OK, so this is a shot of a few buildings, but if you were to swan dive off that lovely clock tower, you'd land in a big construction pit. Well, you would have back in October when I took this shot. This is the backside, natch, of the Kendall Building, located at the corner of Hayward and Main streets, just past an entrance to the Kendall MBTA station, as you approach the Charles River and the Longfellow Bridge. Built in 1905, the Kendall Building currently houses a post office, a bakery, a flower shop, a bank and other businesses. Amid the construction going on around it and directly behind it, the Kendall Building will remain largely as it is now.
"The Kendall Building is a five-story brick building containing 69,219 GSF of office space that will be retained in the proposed project in addition to 12,781 GSF of retail that will be repositioned," according to the special permit application submitted by M.I.T. in 2015. "Building 3 will be an addition to the rear of the Kendall Building totaling approximately 280,000 GSF of research, laboratory and technical office space (R&D) use and approximately 27,000 GSF of new and repositioned retail and active uses," the application continues.
Last, but certainly not least, is 139 Main Street, which was built in 1874, and most recently housed the Massachusetts branch of the Red Cross.
You won't be shocked to learn that M.I.T. owns this property, which was known at its construction as the Luke Building, as it was home to E.H. Luke & Sons, dealers in grain, meal, hay, straw, according to this web site (scroll down for a nice old picture of the building) from the architecture and design firm, Arrowstreet.

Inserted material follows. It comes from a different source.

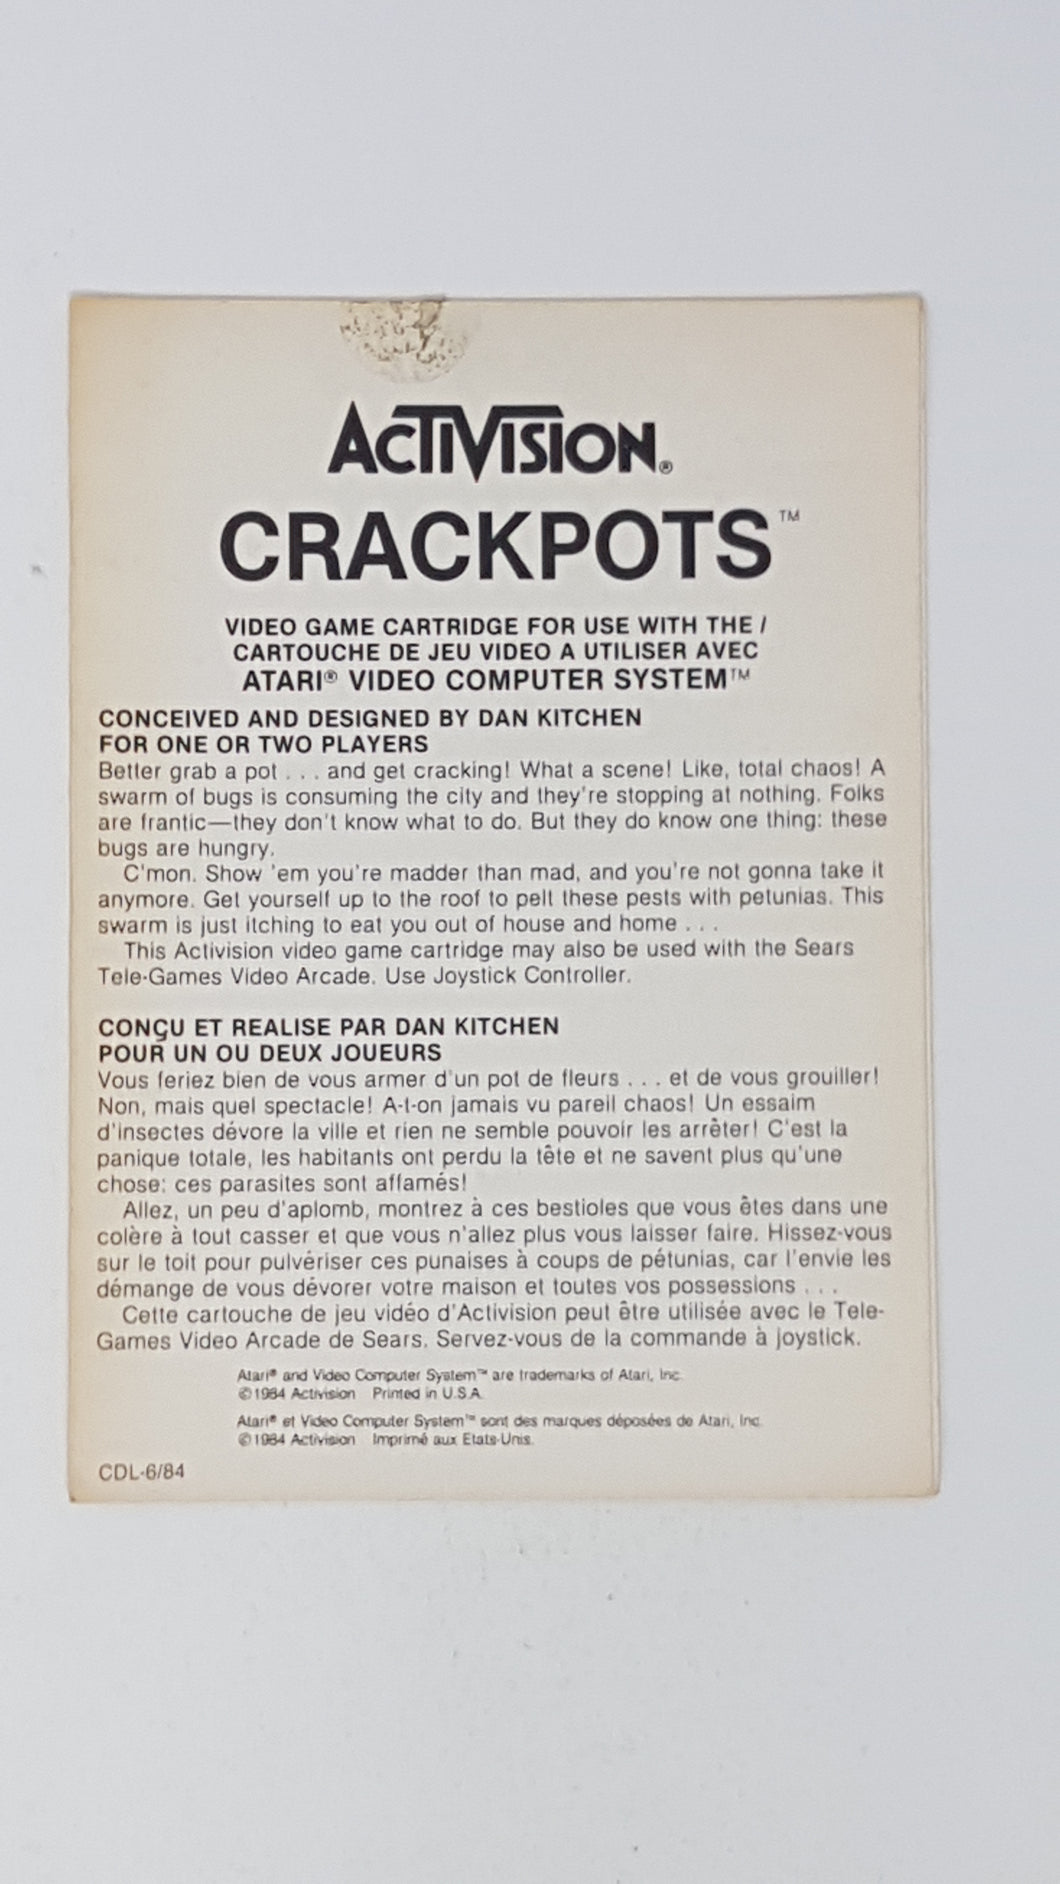 Crackpots [Insert] - Atari 2600

The adaptive re-use project included "re-enforcing the building’s foundations and reconstructing the southeast corner facades due to serious settlement imperiling the foundations and brick walls," per Arrowstreet. "The team meticulously restored the masonry, original fenestration, stone trim details, and the historic carriageway (originally for hay wagons) that provided a connection through to the canal behind."
Man, I really wish every project in and around Boston could be like this one. OK, well maybe not each and every one. But I would love to see more classic old buildings renovated in their entirety, not just the facade (see April 6, 2019, "UPDATE: Cashing Out (And Learning About Facadism").
OK, that's a wrap. I wish I'd explored Kendall Square years ago, before there were so many glass-walled high rises. The good news is that even amid all the changes occurring in and around Boston, I can still find pockets of the backside.